Information supplied Block Start
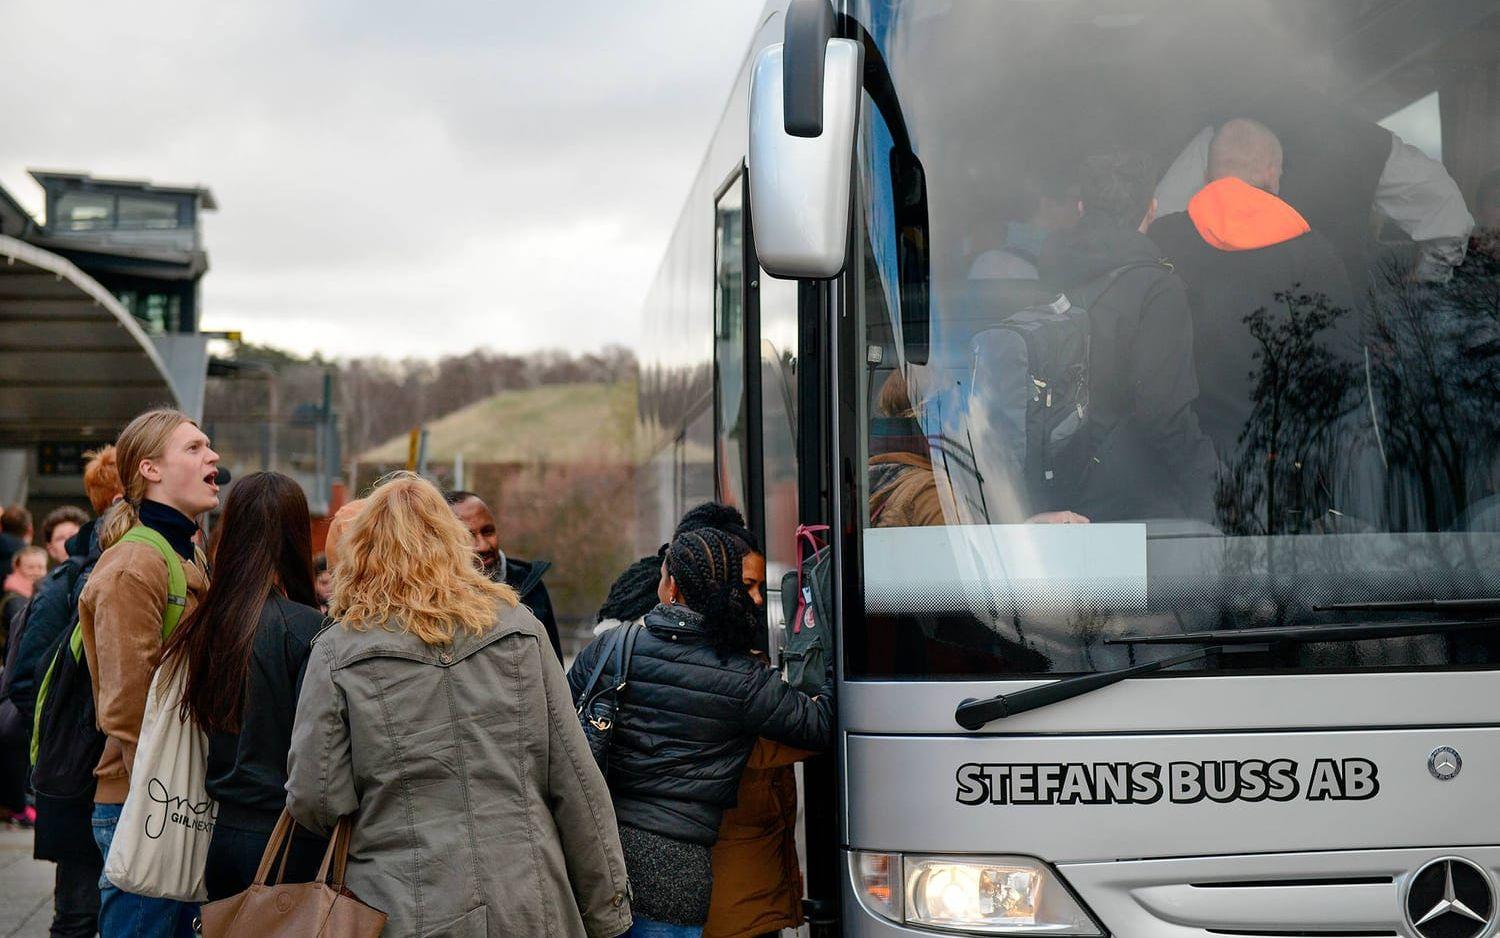 Bussen har destination Halmstad. Foto: Åsa Lindqvist
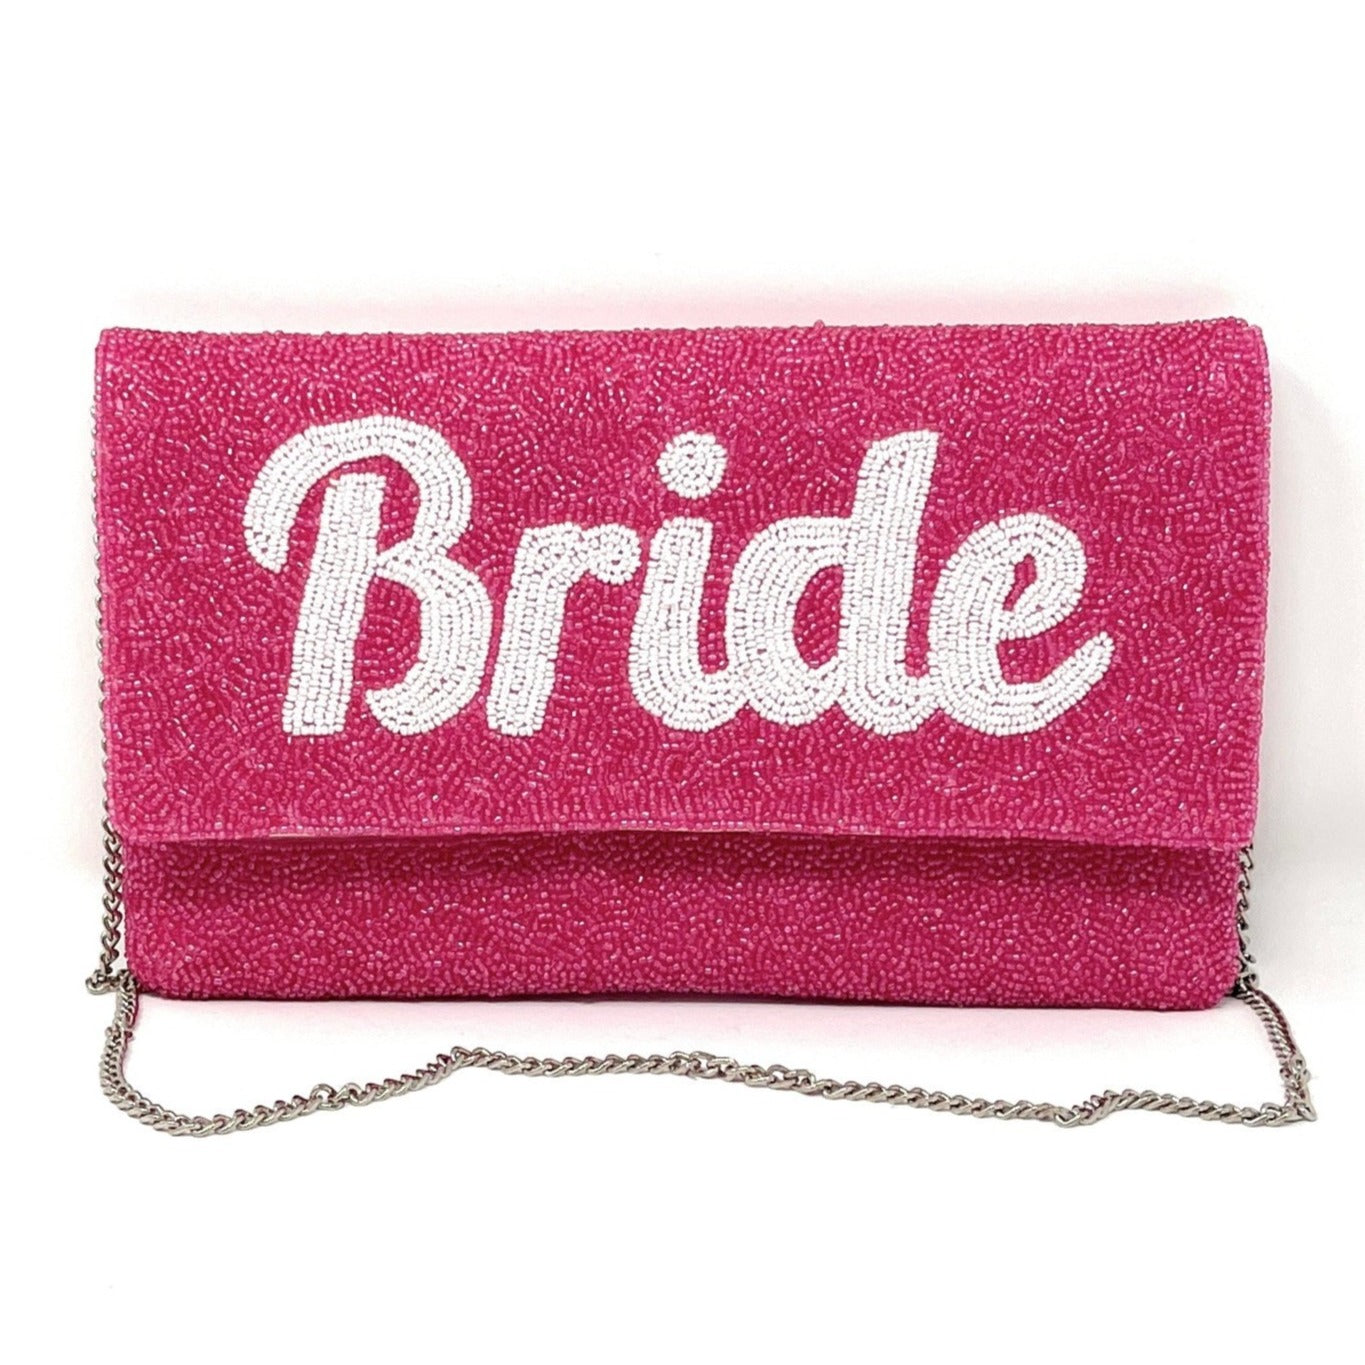 Beaded Bridal Clutch Bag
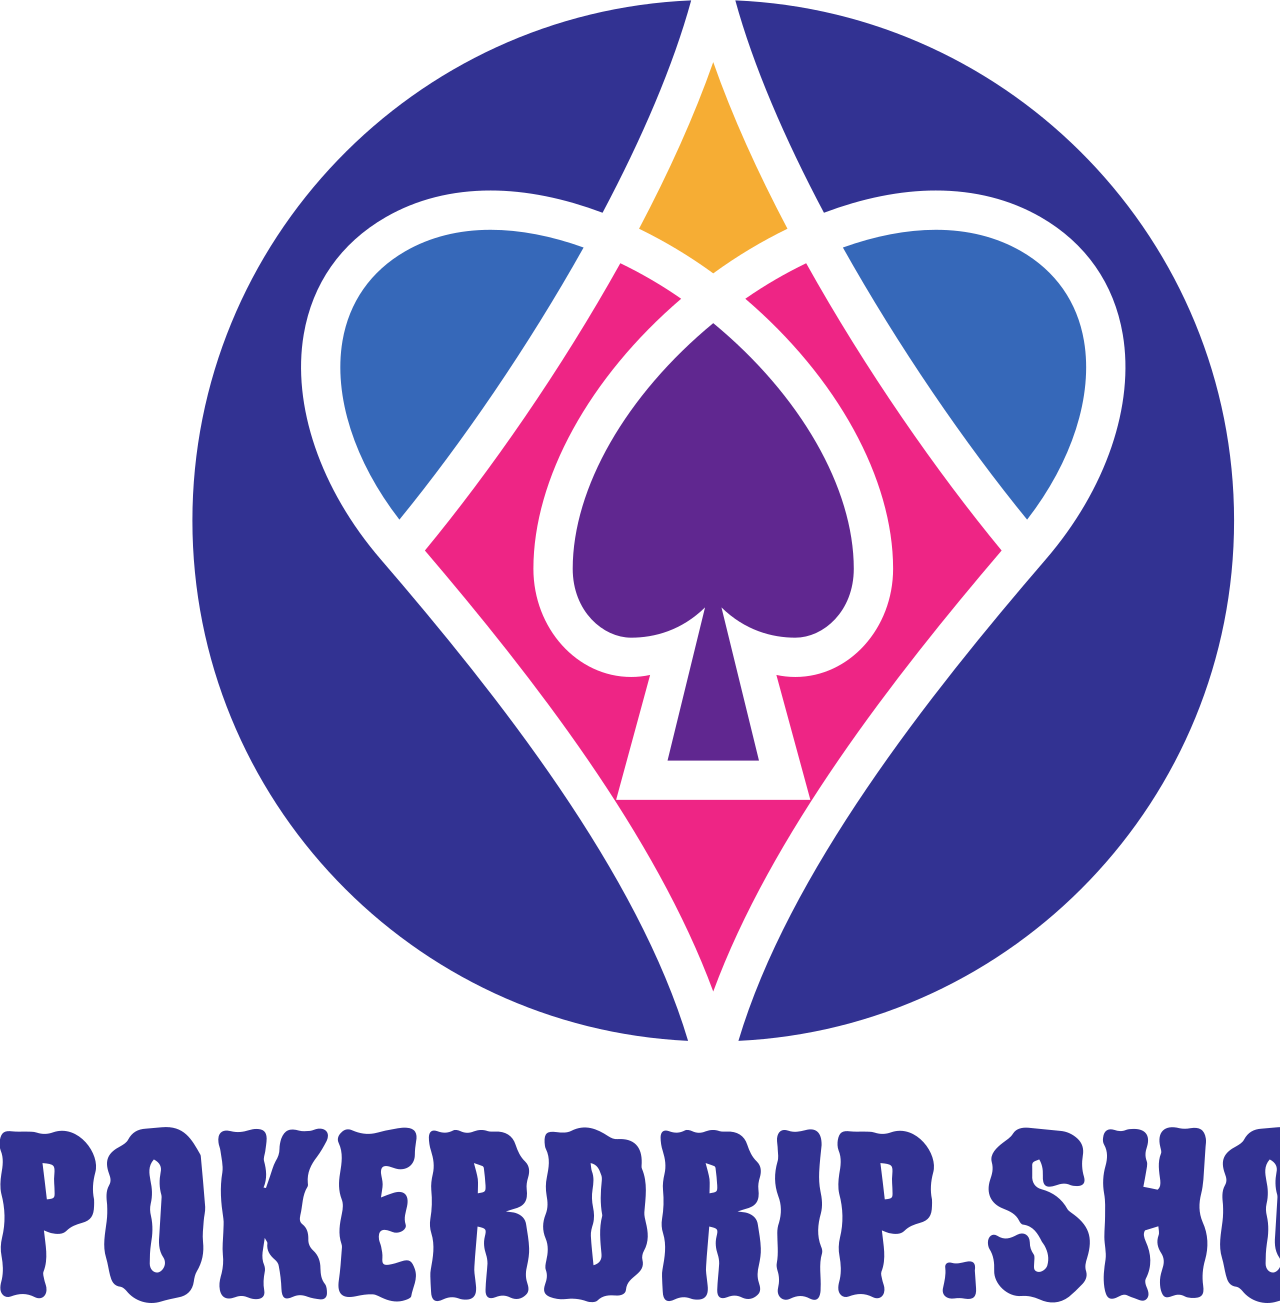 Pokerdrip.shop's logo
Information supplied Block End
Please reproduce the whole listing exactly; the pictures stay out.

■ Task result ■
 Bussen har destination Halmstad. Foto: Åsa Lindqvist
 Beaded Bridal Clutch Bag
 Pokerdrip.shop's logo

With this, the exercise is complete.